Here's a better way to elect

By Daniel B. Szyld
Published May 6th 2007 in Philadelphia Inquirer
As the mayoral primary election nears, one thing is becoming increasingly clear: The winner of the Democratic nomination will receive about 30 percent of the vote. In other words, about two-thirds of the Democratic voters will not have supported their winning candidate. This outcome is not consistent with a truly representative democracy. There are better ways.

One possible solution is a runoff election between the two top vote-getters. This voting method is standard practice in many places around the world, and in some municipalities here in the United States.

We are witnessing one such example today, in France's presidential runoff election. The usual criticisms of this option include the cost of a second poll, and that sometimes a second primary may lead to low turnout.

One solution is called Instant Runoff Voting (IRV). It is like having the election and runoff in the same election, but better.

In this method, the voter ranks the candidates first, second, third, etc. If no candidate receives 50 percent of first-place voting, the candidate with the least number of "first" votes is eliminated, and the votes are immediately reassigned according to the rankings.

One common criticism of IRV is that it is too complicated, but in fact it has been very successful in several U.S. cities, such as San Francisco; Burlington, Vt.; and Minneapolis.

For example, if a voter feels torn between Dwight Evans and Michael Nutter - as The Inquirer Editorial Board indicated in its April 29 mayoral endorsement - one can vote for Evans as first, even though the polls put him last at the moment, and rank Nutter second. If at the end of the vote, Evans is indeed last, in the "instant second round" this hypothetical voter's ballot would indicate Nutter as first.

Some other voter may rank Brady first, Evans second and Fattah third.

After the first round determines that Evans is last, this voter's ballot would indicate Brady first and Fattah second.

The process is repeated until one candidate has a majority (a true majority) of "first" votes.

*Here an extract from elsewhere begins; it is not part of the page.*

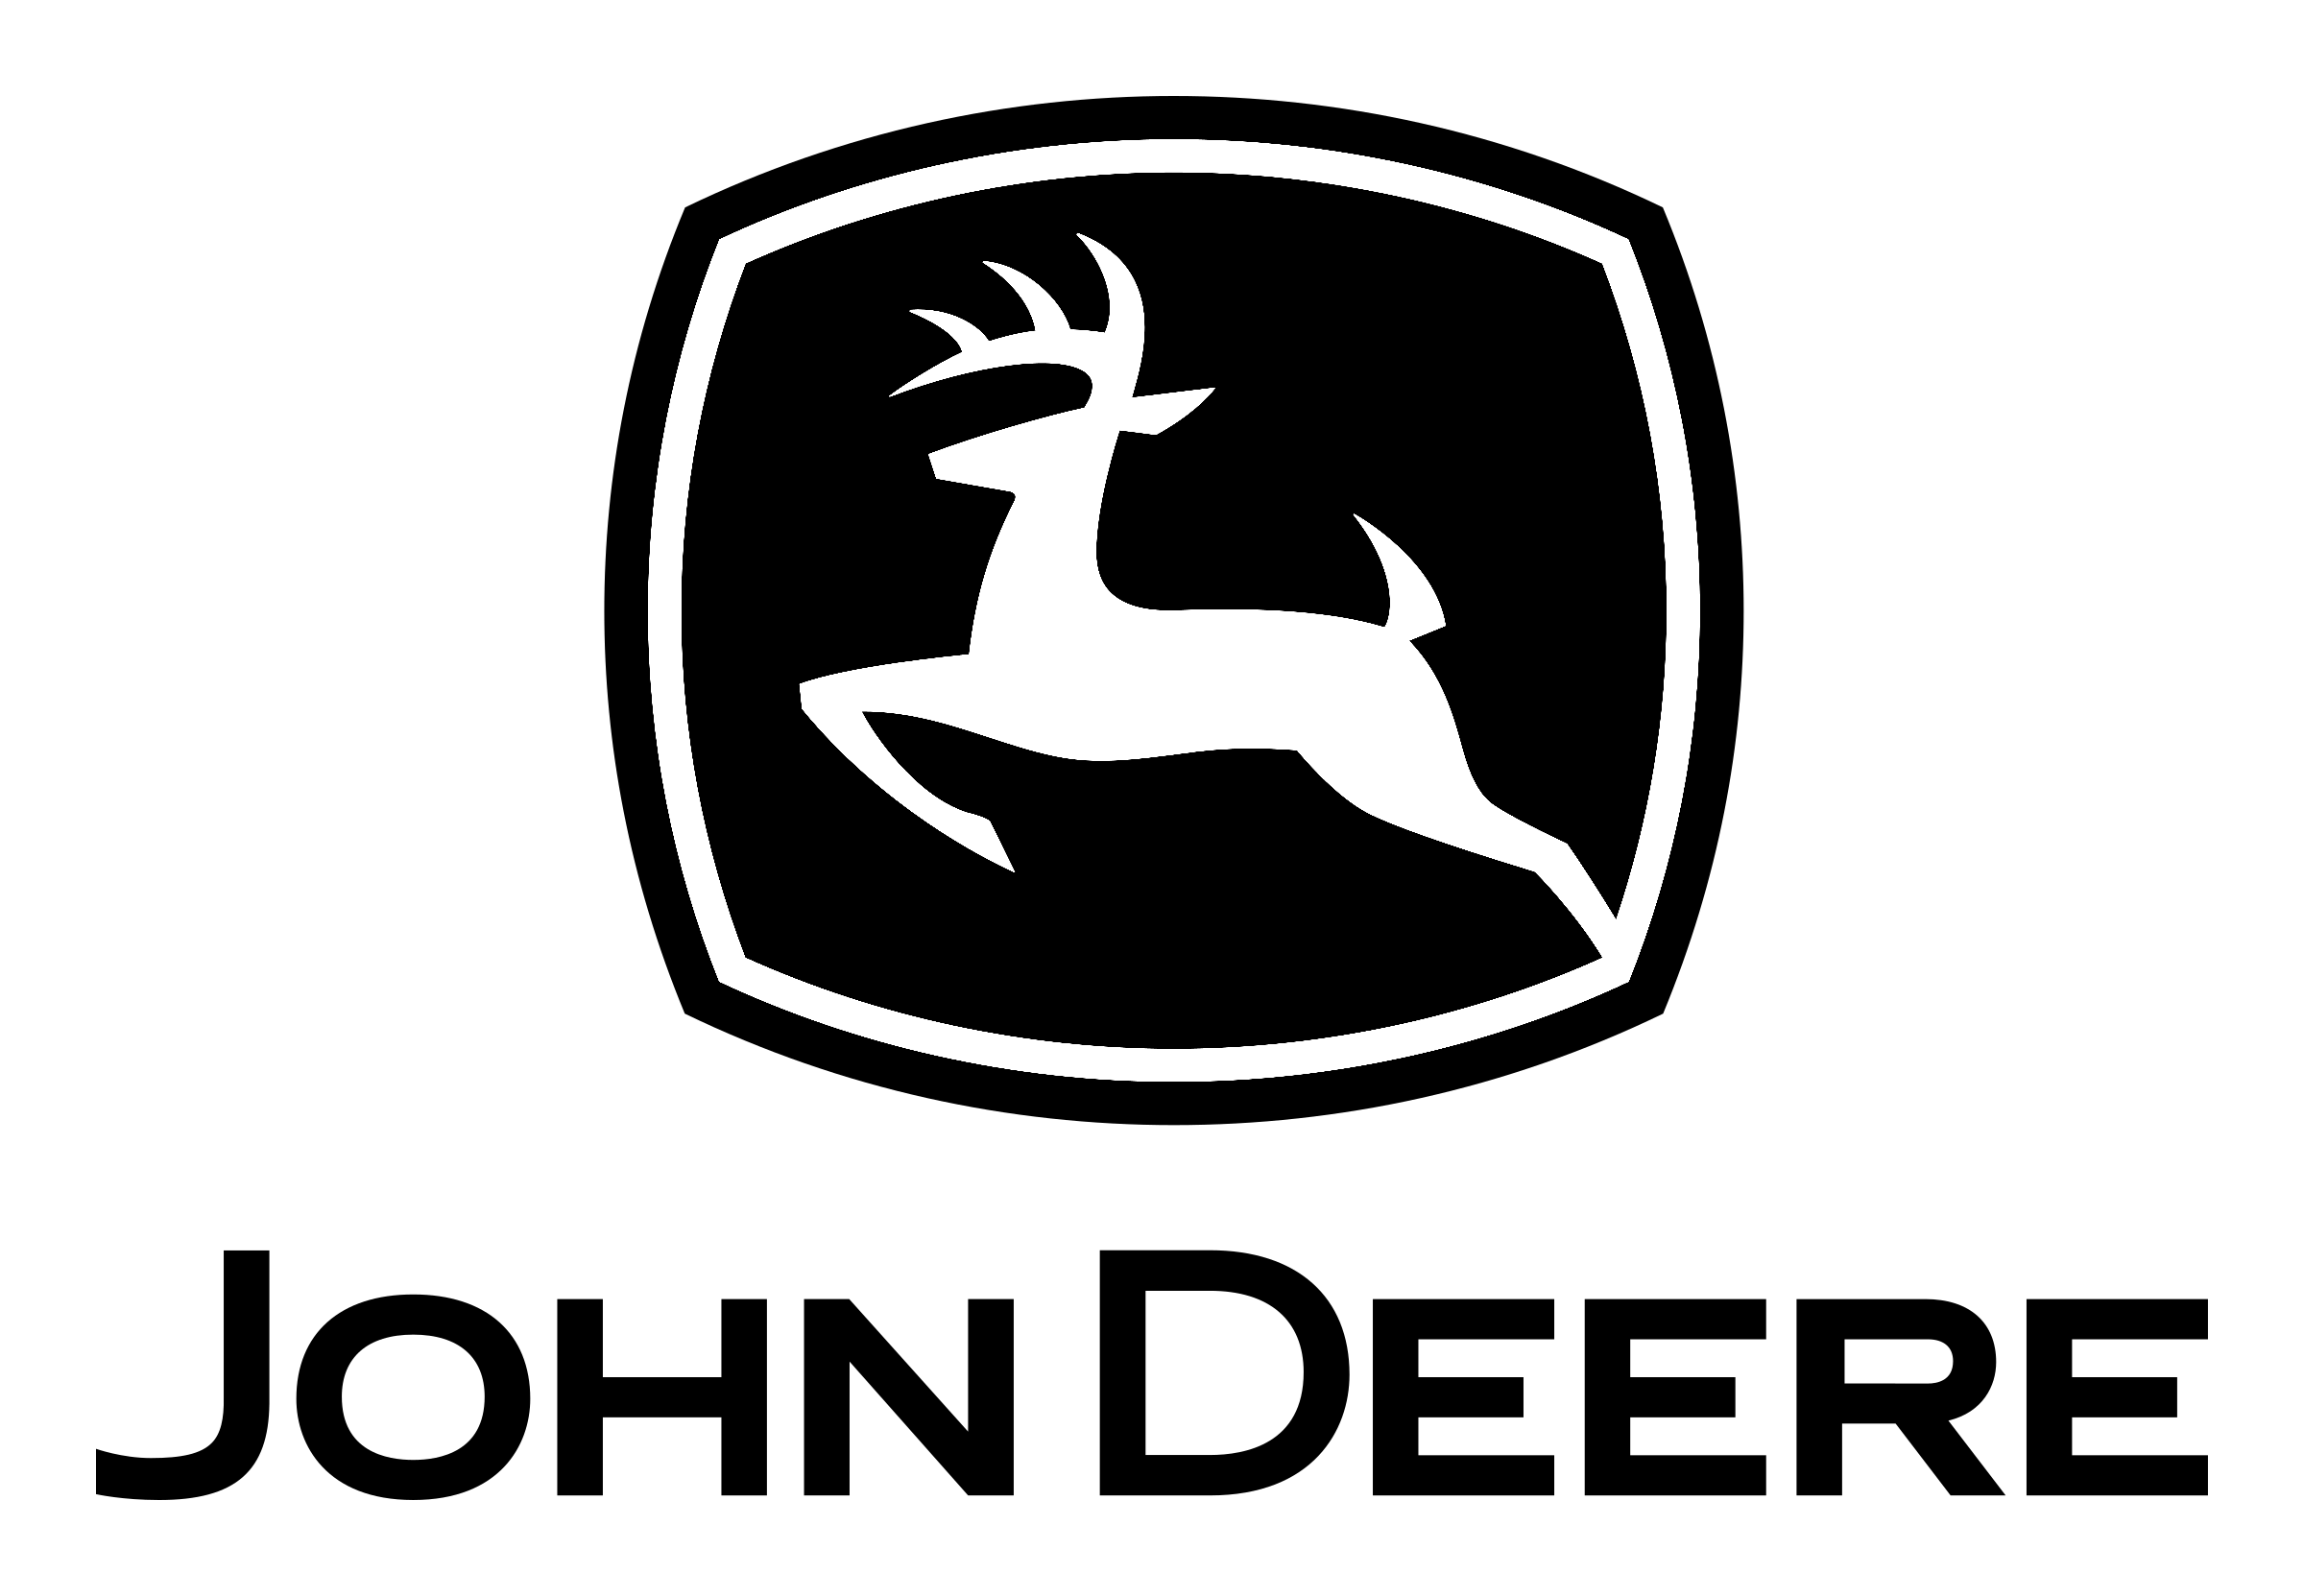 2018 John Deere Logo - Best Free John Deere Logo Vectors Photos Images

In many elections, the winner receives less than 50 percent of the votes, and two other candidates who might be considered very close in their position divide the rest. One example was that of my own district in 2006, when we had precisely such a situation in the Democratic primary for state representative. Terry Graboyes stated to me during the campaign that a vote for Anne Dicker was a vote for Michael O'Brien, indicating that Dicker was the spoiler. In the end, O'Brien indeed won the primary, with 34 percent of the vote, with Dicker receiving 32 percent, and Graboyes 29 percent. If what Graboyes indicated was true, and support for both Dicker or Graboyes came from like-minded voters, their combined base was about 60 percent. Had we had IRV, it is possible that one of the two women would be the winner, with broad voter support.

If we had IRV in the presidential election, there would be more room for third-party candidates, and the concept of the spoiler would disappear. Had we had IRV in Florida in 2000, all votes cast for Ralph Nader would have been distributed in an instant runoff between Gore and Bush.

No voting system is perfectly representative, but IRV has a chance of mirroring well the voters' preferences.

Furthermore, a candidate from one party who does not have broad support in the primary may lose the general election.

All parties would benefit from IRV in their primaries, by having a stronger candidate.

When I teach an undergraduate mathematics course for nonscientists at Temple University, the topic of voting methods elicits a great deal of interest and enthusiasm. I sense that the public might similarly embrace IRV as more representative. If people feel they can vote with their consciences and not for the lesser of the two (or more) evils, there might even be higher voter participation. It is time to consider IRV for our primaries and general elections.

Daniel B. Szyld is a professor of mathematics at Temple University.